Без сомнений, их всех ожидала комиссия, прилюдный разбор с главным врачом и слушанье. Возможно, не одно, а целый каскад допросов, обсуждений и пошагового анализа. Когда пациент умирает в палате – это, разумеется, грустно, но такое бывает. Однако операционный стол считался местом святым и неприкосновенным, где чудеса довлели над природой, здравым смыслом и иногда переигрывали даже физиологию. Любая ошибка там приравнивалась к преступлению, что каралась огромными штрафами, потерей лицензии, а может, и тюремным сроком. Доказать невиновность будет непросто, к тому же, Рене была совсем не уверена, что действительно не виновата.

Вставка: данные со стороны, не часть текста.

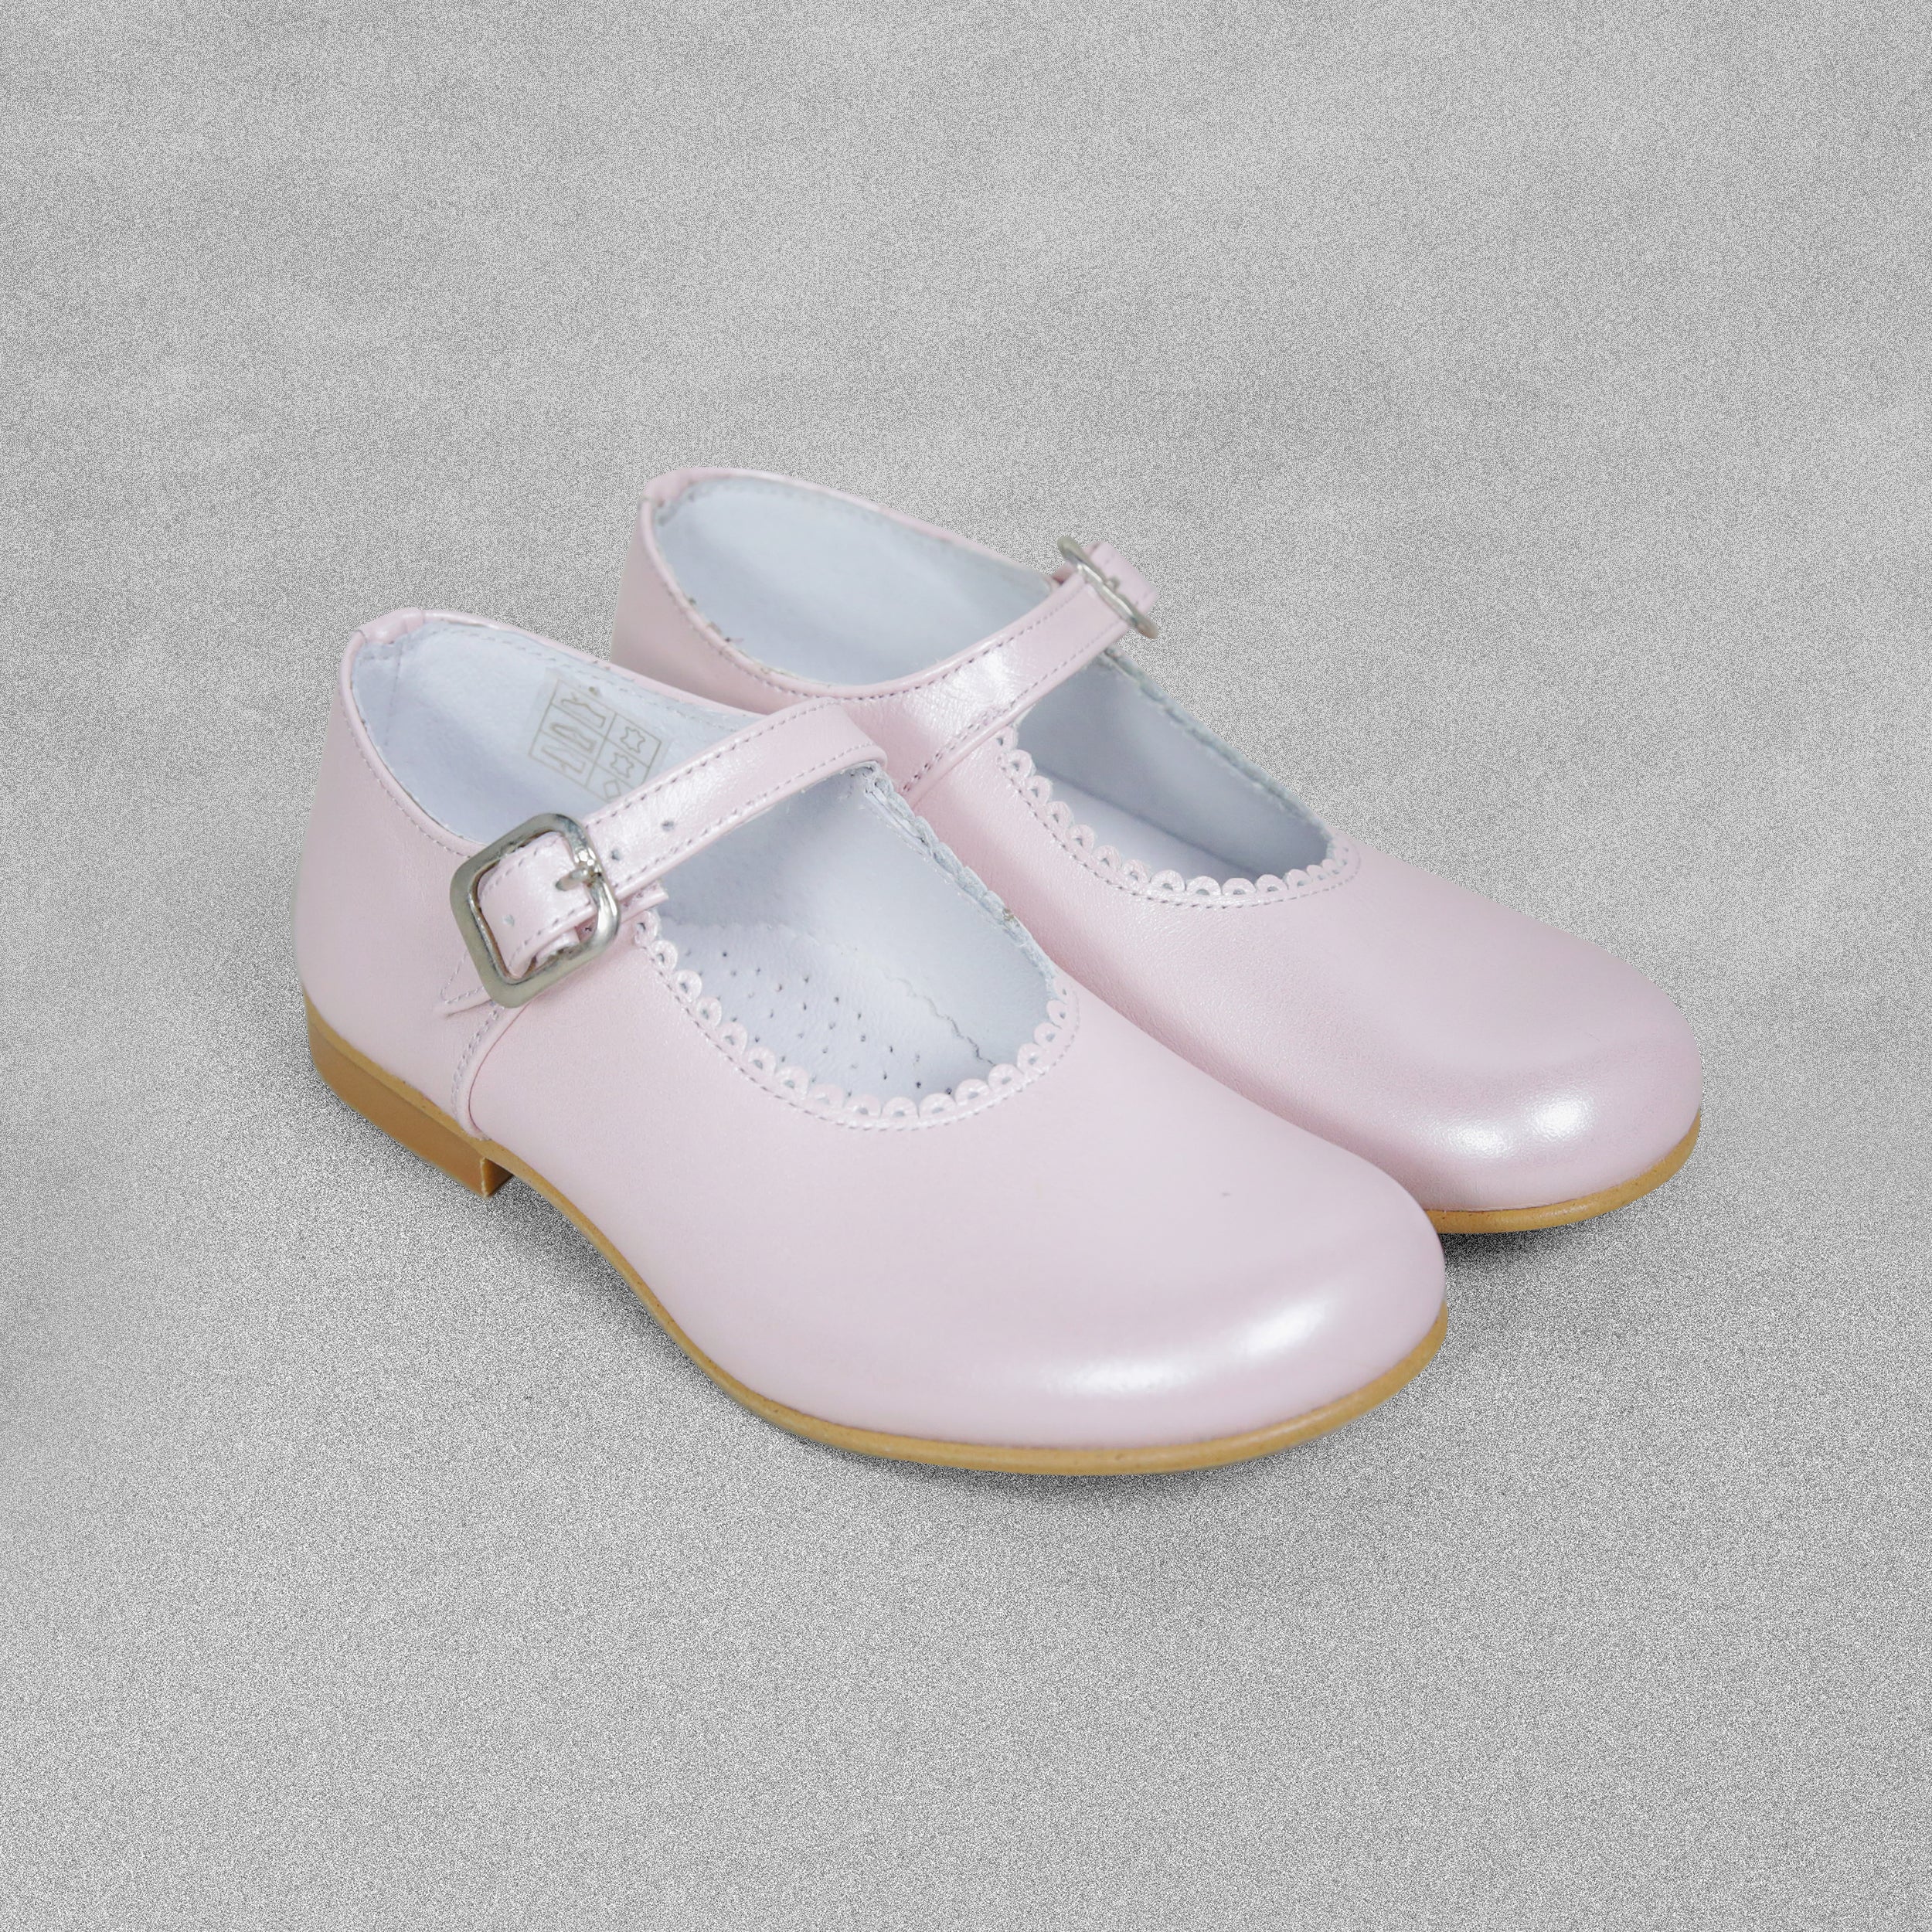 Shoeting Stars Pink Shoes with Buckle Strap

Из груди вырвался тяжёлый вздох. По-хорошему, надо было вернуться и открыто встретиться с последствиями своих же решений, но Рене продолжала малодушно отсиживаться в темноте, уткнувшись лицом в колени. А потом неожиданно услышалаэто.

Глухой звук фортепиано наполнил комнату парой плывущих аккордов, словно кто-то пробовал инструмент, потом раздался стук, а следом скрип. Рене не знала, почему не заметила инструмент сразу, но в личности беспардонно нарушившего её уединение человека не сомневалась. А он тем временем перебрал пальцами клавиши, ударил несколько раз по одной, особо фальшивой, хмыкнул и принялся наигрывать какую-то мелодию. Та казалась знакомой, даже несмотря на гнусавое звучание расстроенных струн, но Рене никак не могла вспомнить, откуда же её знала. Наконец, не выдержав, она повернулась и уставилась в чёрную спину доктора Ланга, который сидел за стареньким, весьма потрепанным фортепиано. Судя по звуку, инструмент явно доживал свои последние годы в виде подставки для рекламных стендов.

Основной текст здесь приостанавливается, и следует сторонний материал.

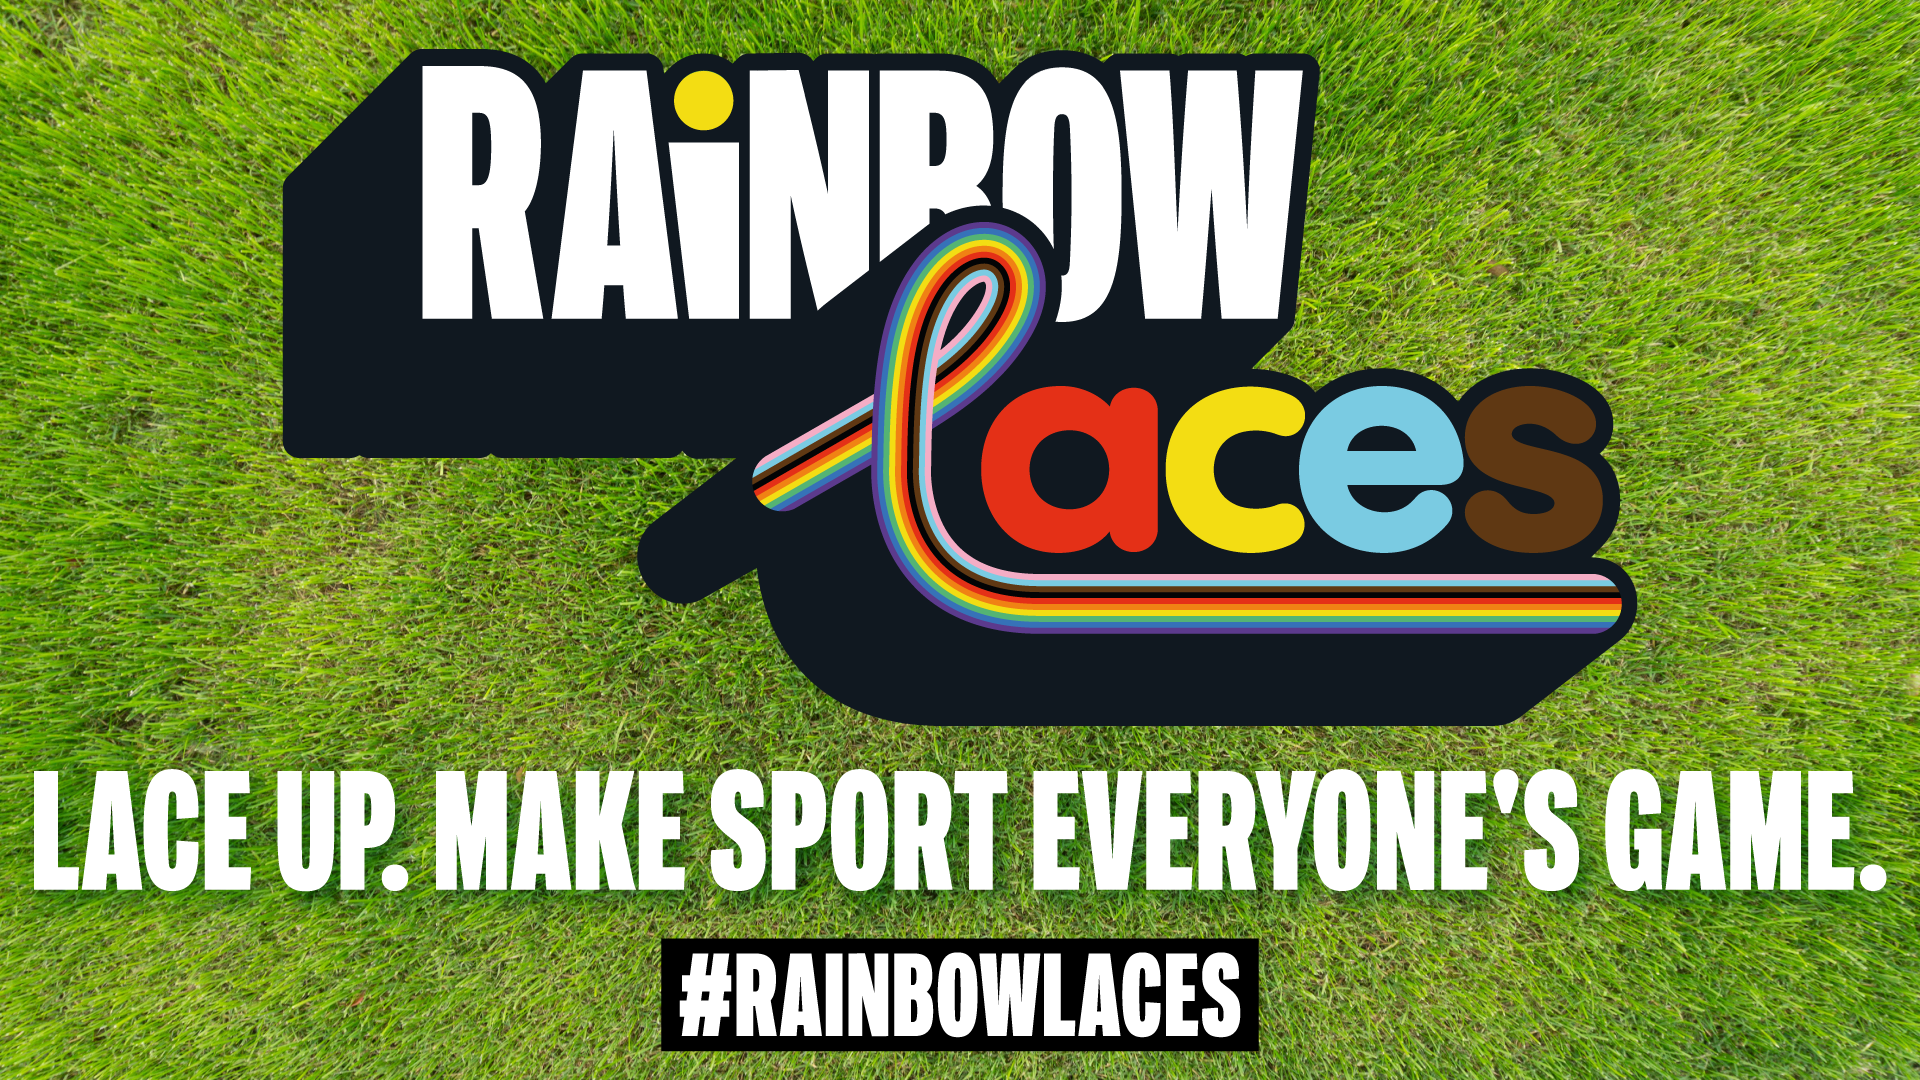 Rainbow Laces graphic. The wording rainbow laces is in front of a grass background with the tagline "Lace up. Make sport everyone's game" underneath

– У меня есть хотя бы малейший шанс побыть в одиночестве? – спросила она, не надеясь на ответ. Реакции, естественно, не последовало, и Рене сильнее стиснула холодные пальцы. – Сэр!

И снова молчание, да знакомый до злости мотив, который Ланг пытался подобрать по памяти.

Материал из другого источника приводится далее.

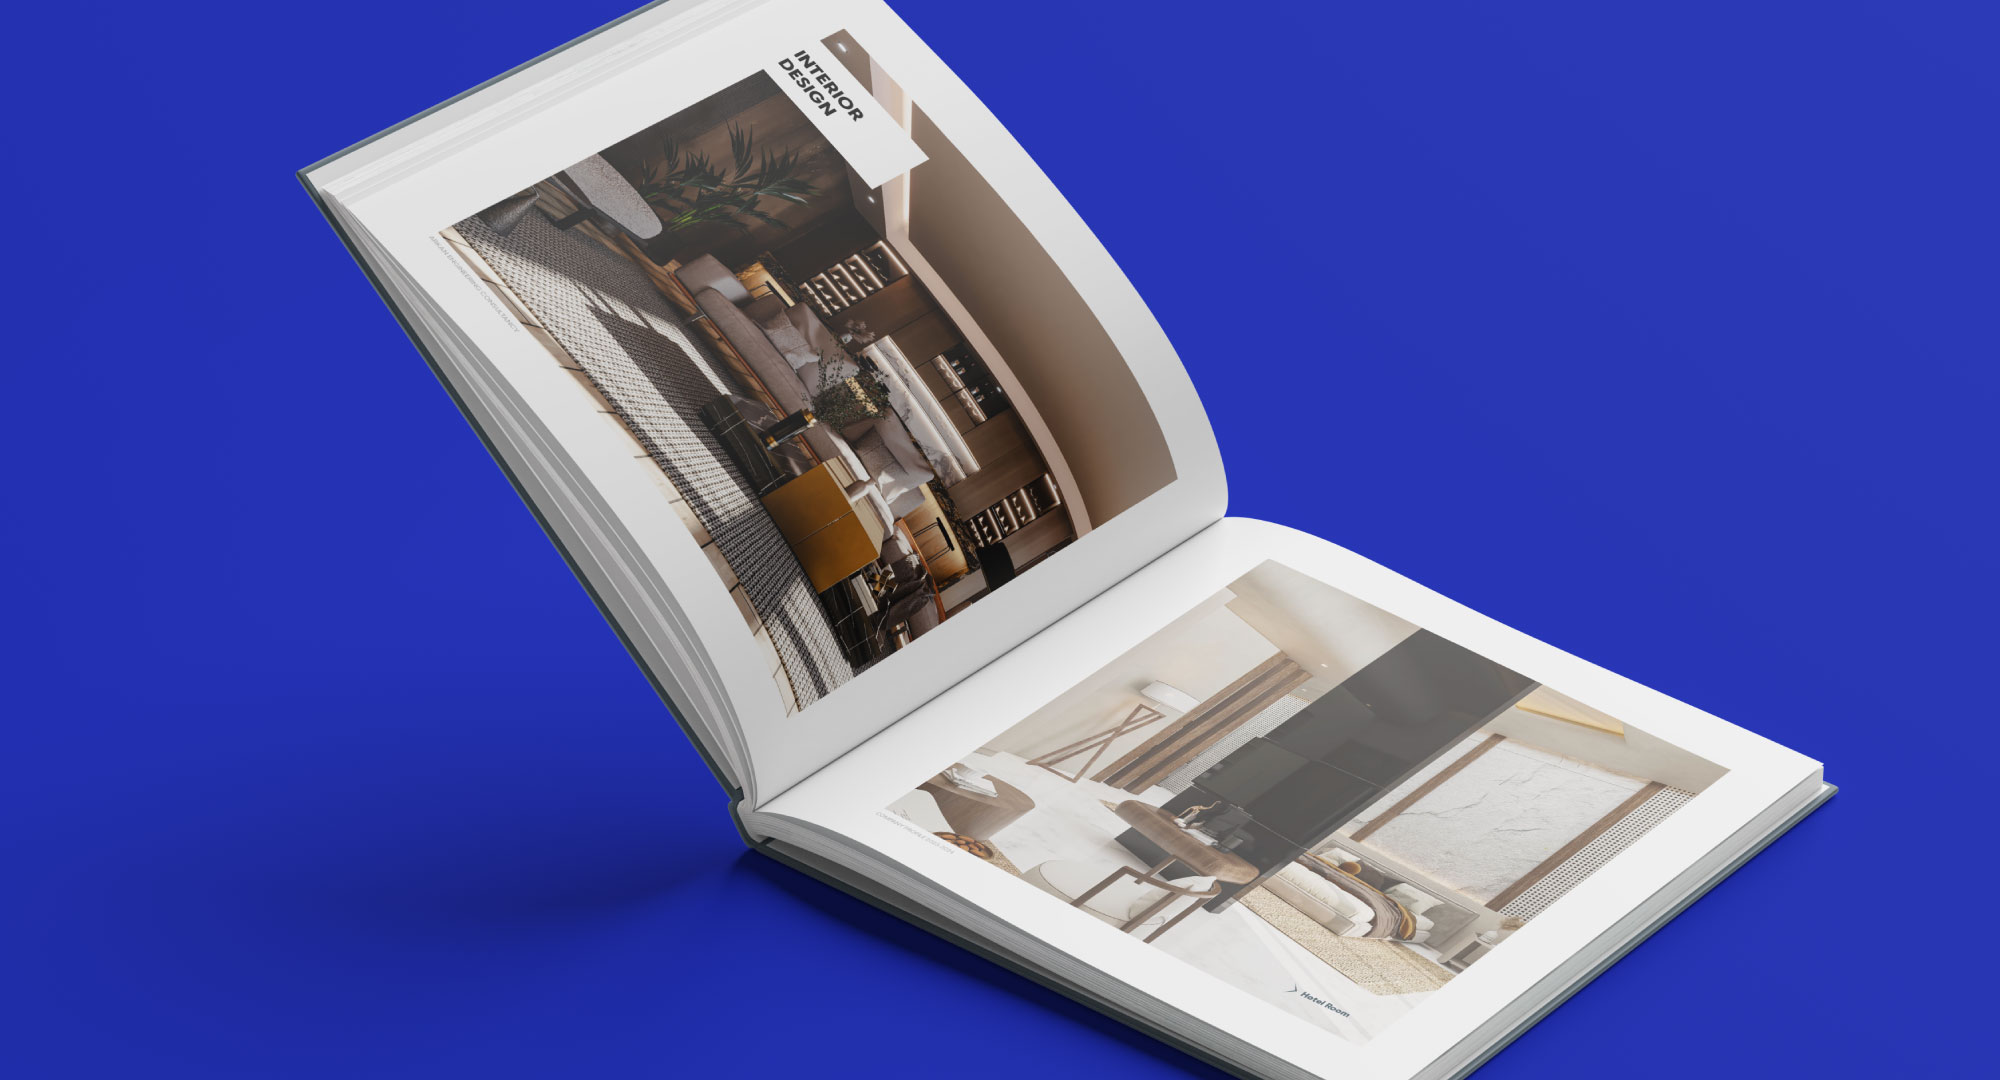 Clear and Effective: Our Catalogue & Brochure Designs Speak for Your Products

– Всего лишь несколько минут, и мне…

Я слышал тайный звук струны,– неожиданно перебил её тихо напевавший голос, и Рене зажмурилась. –Давид ласкал им Бога слух. Но ты не любишь песни эти, верно?

– Пожалуйста… Оставьте меня! – простонала она. Но какое там! Видимо, доктор Ланг решил устроить музыкальный салон.

А счет идет: четыре, пять. Аккорд в минор, затем в мажор…– Ланг вдруг оглянулся и бросил взгляд, приглашая присоединиться, и Рене сдалась.

И удивлённо Господь пишет: «Аллилуйя!»52 – зло пробормотала она.

Но Энтони заиграл громче, вынуждая растягивать бесконечные повторы чертовой«Аллилуйя!», и Рене была вынуждена цедить их такт за тактом. На последнем Ланг не выдержал и хохотнул.

– Ты фальшивишь, – хмыкнул он, но Рене ничего не ответила.

Тогда его пальцы снова пустились перебирать клавиши, теперь уже без цели наигрывая известную мелодию, и стало ясно, что Энтони не уйдет. Вздохнув, Рене поднялась со своего насеста, скользнула меж кресел и неловко замерла подле Ланга. Остановившись в своих музицированиях лишь на секунду, он протянул руку и молча пододвинул ещё один стул, чем окончательно дал понять – разговору быть. Так что Рене ничего не оставалось, как усесться рядом и поджать под себя озябшие ноги. На колени тут же приземлились брошенные ленивой рукой и тщательно отмытые от всей биологической грязи ярко-жёлтые «вишенки». Из груди невольно вырвался вздох.

– Спасибо, – осторожно поблагодарила она, пытаясь скрыть, как дрогнуло сердце.

Интересно, Энтони сам их помыл? Нет. Вряд ли. Скорее всего, отдал какой-нибудь санитарке. Да-да. Он же доктор Ланг, а не уборщик. Рене медленно перевела дыхание и пошевелилась. Надо было обуться, раз выдалась такая возможность, но она только крутила в пальцах алые ягоды и думала, что если наставник заметил очередной переход на официальное обращение, то виду не подал. Только тренькнул несколько раз по клавишам, прежде чем ответил:

– Не за что. Я шёл следом…

– Но…

– … за твоим отчаянием, когда увидел их. – Энтони небрежно махнул в сторону тапочек. – Должен сказать, ты оставила после себя настоящую тропу из недоуменных лиц и специфических вопросов. А такие дороги обычно ведут именно сюда.

– Я даже не знаю, что это за место. – Рене покачала головой, а Ланг неожиданно прервал свои музыкальные экзерсисы и озадаченно огляделся.

– Думаю, нечто наподобие церкви.

– Мало похоже.

– Да и мы в целом не богадельня, но помогаем, – резонно заметил Энтони и вернулся к клавишам.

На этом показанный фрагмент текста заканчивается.